MongoFlink is a connector between MongoDB and Apache Flink. It acts as a Flink sink (and an experimental Flink source), and provides transaction mode(which ensures exactly-once semantics) for MongoDB 4.2 above, and non-transaction mode for MongoDB 3.0 above.
MongoFlink is in its early phase, and any use, feedback or contribution is welcome!
- Flink 1.12 above. MongoFlink is built on top of the new sink API added in FLIP-143 or Flink 1.12.0.
- MongoDB 3.0 above. The official MongoDB Java driver supports 3.0 above.
- JDK 1.8 above.
MongoFlink is not registered on Maven central yet, so users need to build the artifacts first.

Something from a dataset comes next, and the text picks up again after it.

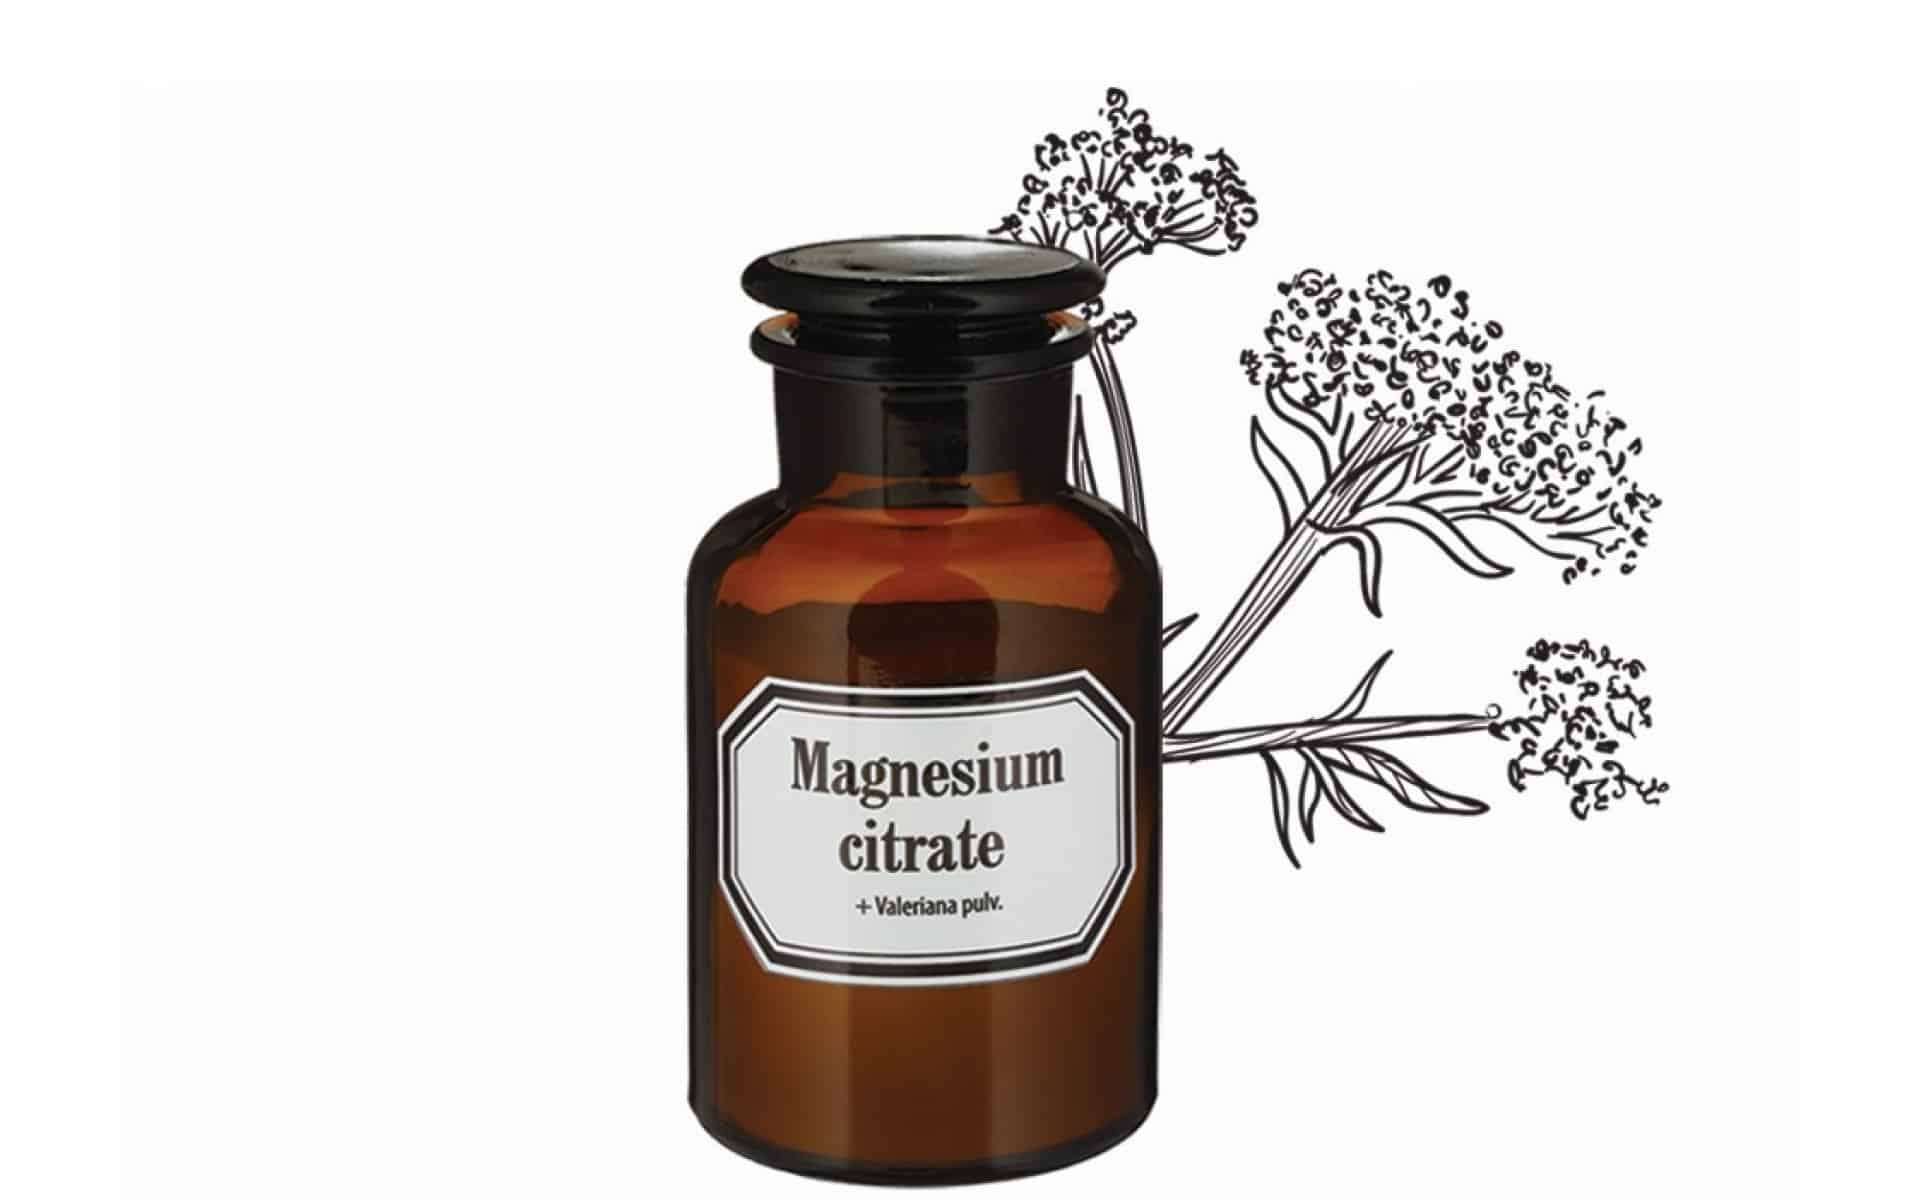 OLD-PHARMA-Magnesium-citrate-Valerian-pulv.-7290010159505
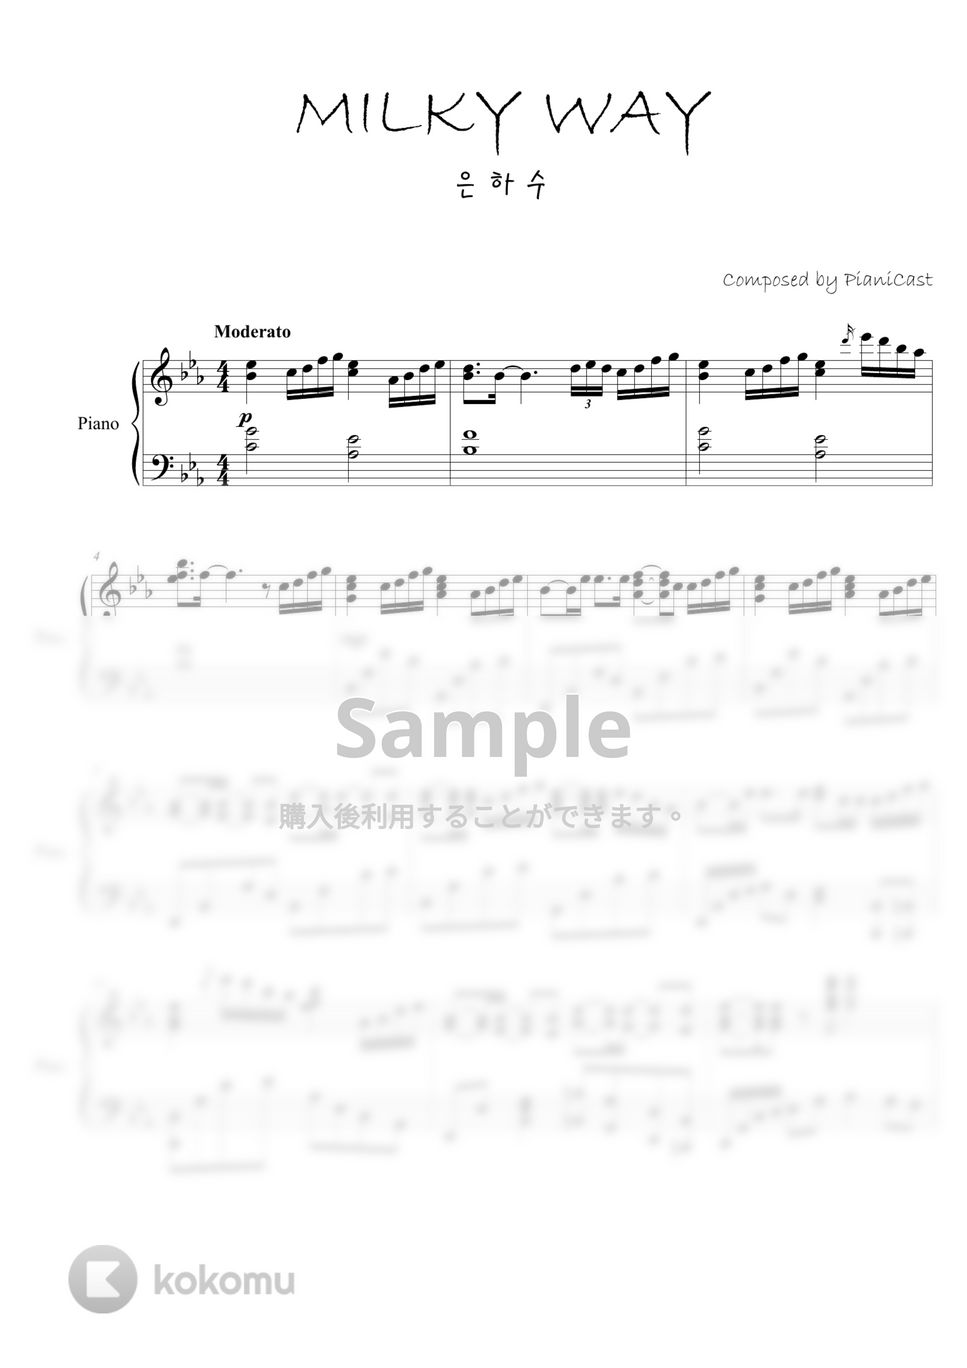 Pianicast - Milky Way by Pianicast

Checkout the project, and use Maven to install the project locally.
$ mvn install
Then add the following dependency in your project's pom.xml.
<dependency>
<groupId>org.mongoflink</groupId>
<artifactId>mongo-flink</artifactId>
<version>0.1-SNAPSHOT</version>
</dependency>
Use MongoSink in your Flink application.
StreamExecutionEnvironment env = StreamExecutionEnvironment.getExecutionEnvironment();
// non-transactional sink with a flush strategy of 1000 documents or 10 seconds
Properties properties = new Properties();
properties.setProperty(MongoOptions.SINK_TRANSACTION_ENABLED, "false");
properties.setProperty(MongoOptions.SINK_FLUSH_ON_CHECKPOINT, "false");
properties.setProperty(MongoOptions.SINK_FLUSH_SIZE, String.valueOf(1_000L));
properties.setProperty(MongoOptions.SINK_FLUSH_INTERVAL, String.valueOf(10_000L));
env.addSource(...)
.sinkTo(new MongoSink<>("mongodb://user:[email protected]:27017", "mydb", "mycollection",
new StringDocumentSerializer(), properties));
env.execute();
MongoFlink can be configured using properties.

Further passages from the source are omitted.